Jobs are business processes turned into functional-style scripts. What does that mean, how should you approach writing jobs?
First, this is how I think about jobs and what we do at Open Function Group to try to make our job code as readable, future-proof, and concise as possible. There are a million different ways to approach writing jobs. This is one.
It all starts with state
If a job is a set of instructions for a chef (a recipe?) then the initial
state
is all of the ingredients they need tied up in a perfect little bundle.

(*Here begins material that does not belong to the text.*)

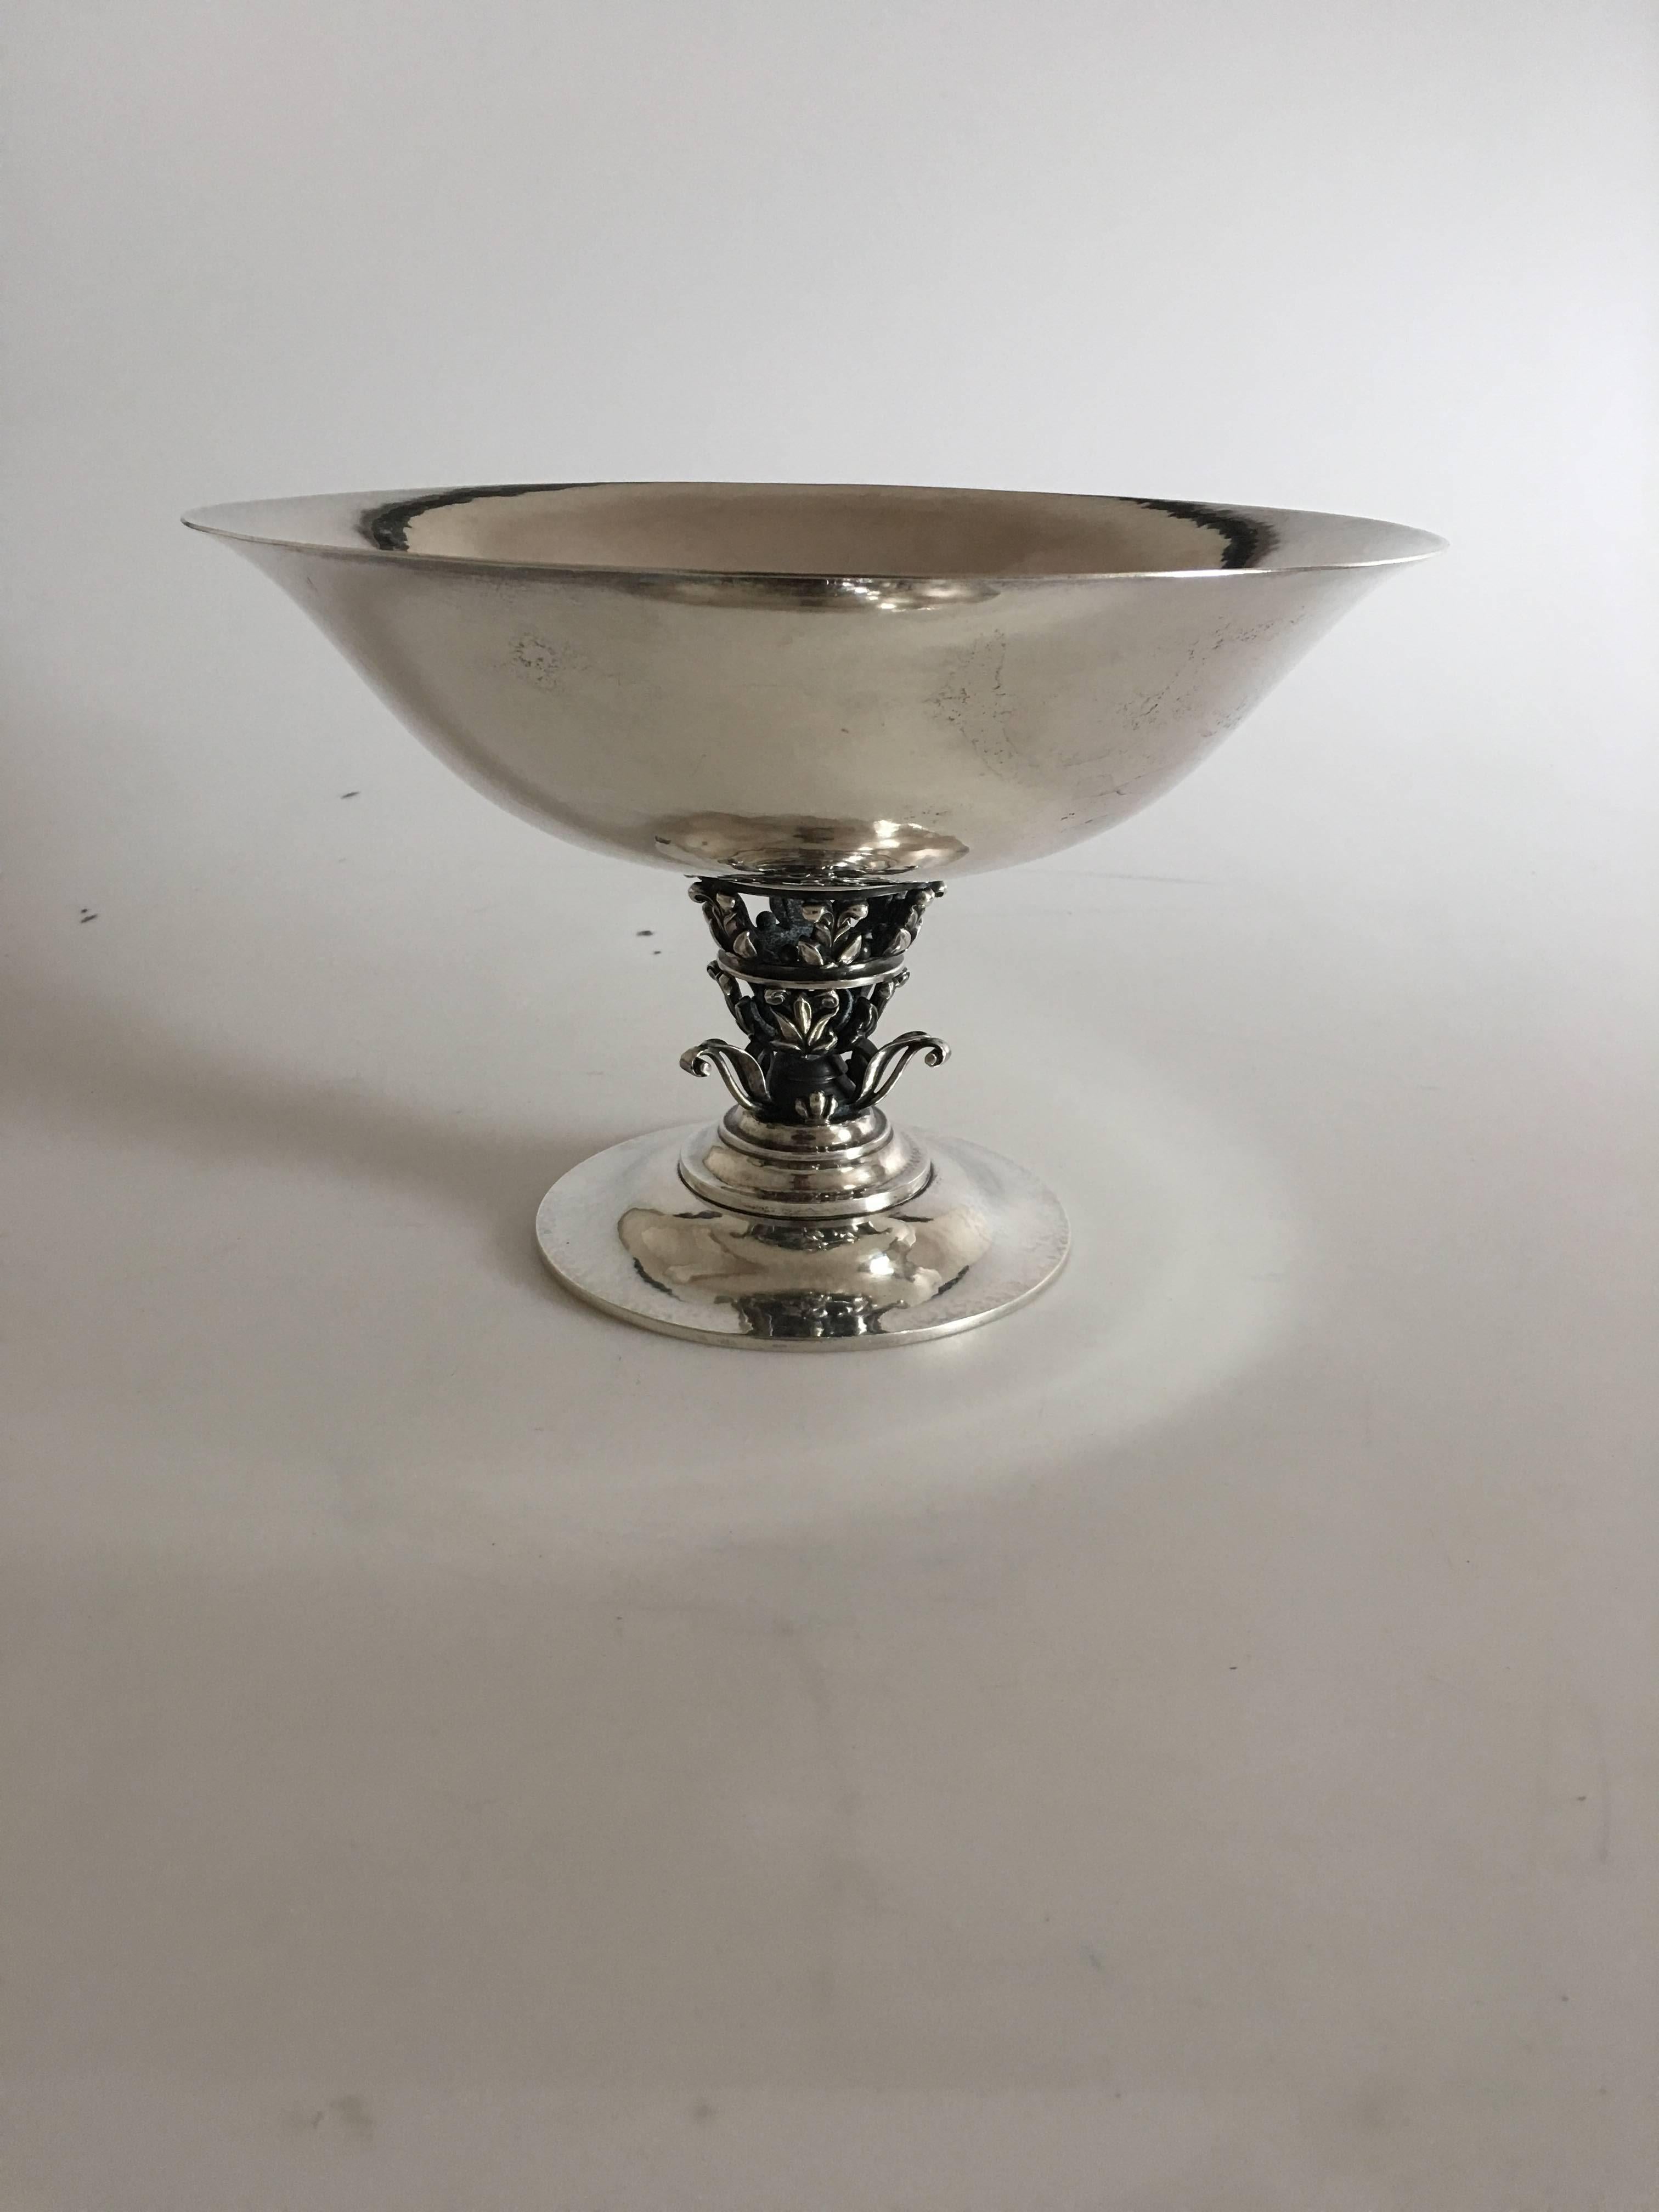 Danish Georg Jensen Sterling Silver Footed Bowl #172 For Sale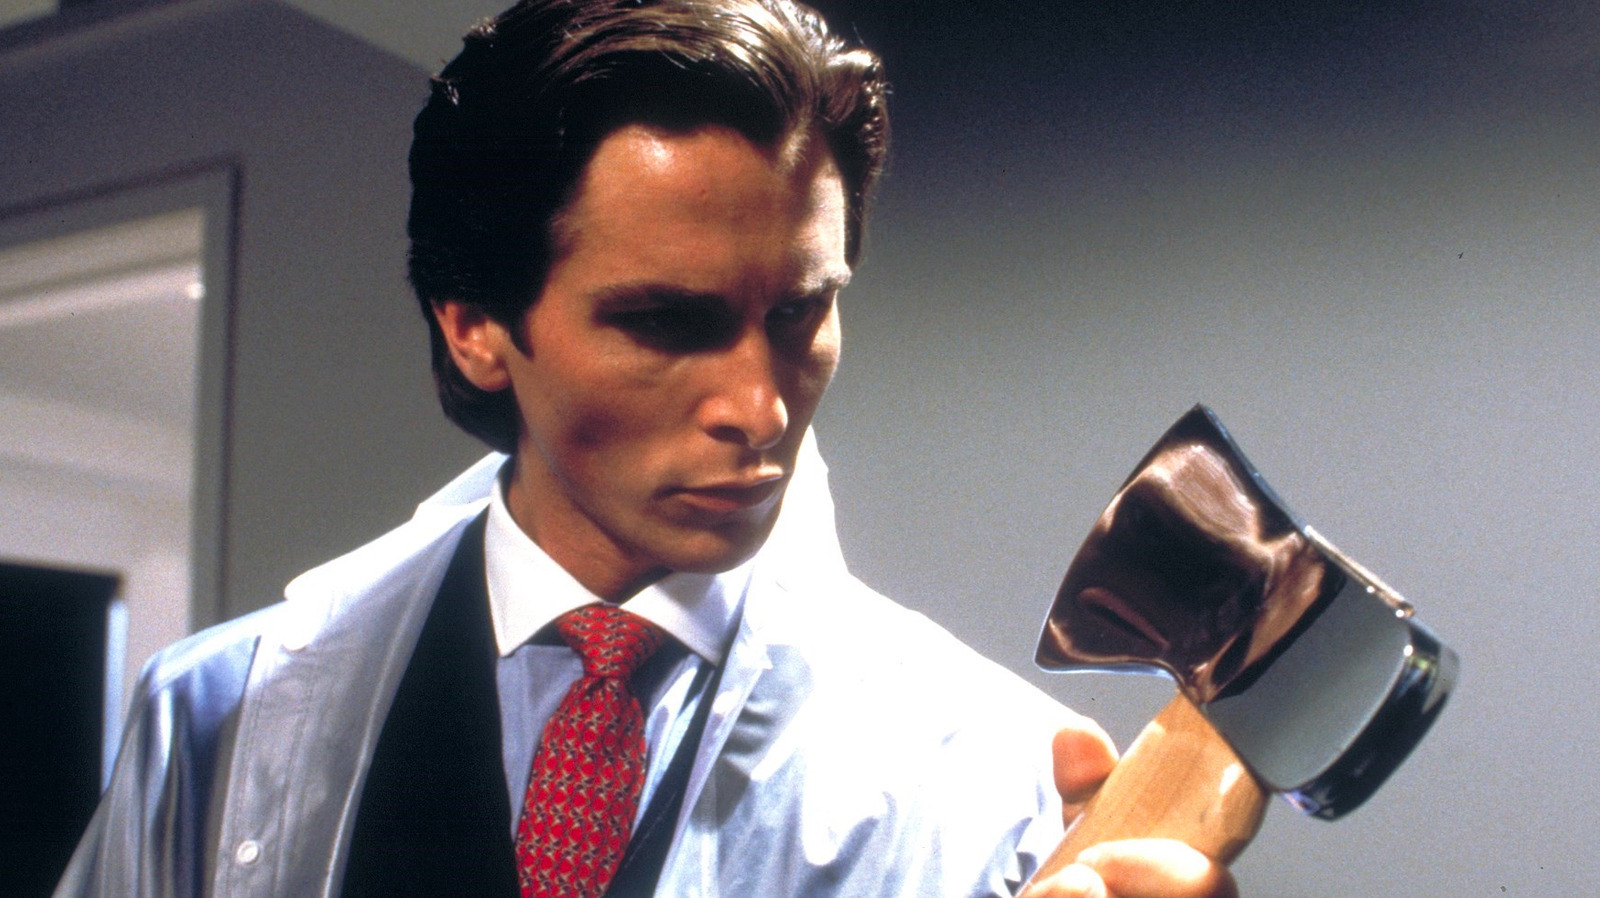 In Hindsight, an 'American Psycho' Looks a Lot Like Us - The New York Times

It usually looks something like this:
{
"configuration": {
"hostUrl": "https://moh.kenya.gov.ke/dhis2",
"username": "taylor",
"password": "very-secret"
},
"data": {
"type": "registration",
"patient": {
"age": 24,
"gender": "M",
"nationalId": "321cs7"
}
}
}
This might be the initial state
for a real-time, message-triggered job. Some
source system generated a new patient payload and sent that payload to OpenFn.
The data from our source system will wind up in state.data
. Now if my job is
meant to take this new patient registration information and use it to create a
new record in the national health record system, I'll also need to provide my
robot-chef here with a credential so they can access that system. The credential
I've specified will get put into state.configuration
and now our "raw
ingredients" are all ready for our robot chef.
Note that even if this job was initiated by a cron trigger (e.g., "Hey chef, prepare this recipe every Tuesday at 7pm") or by a flow/catch trigger (e.g., "Hey chef, prepare this recipe only when you fail to make banana pancakes") it will have an initial state.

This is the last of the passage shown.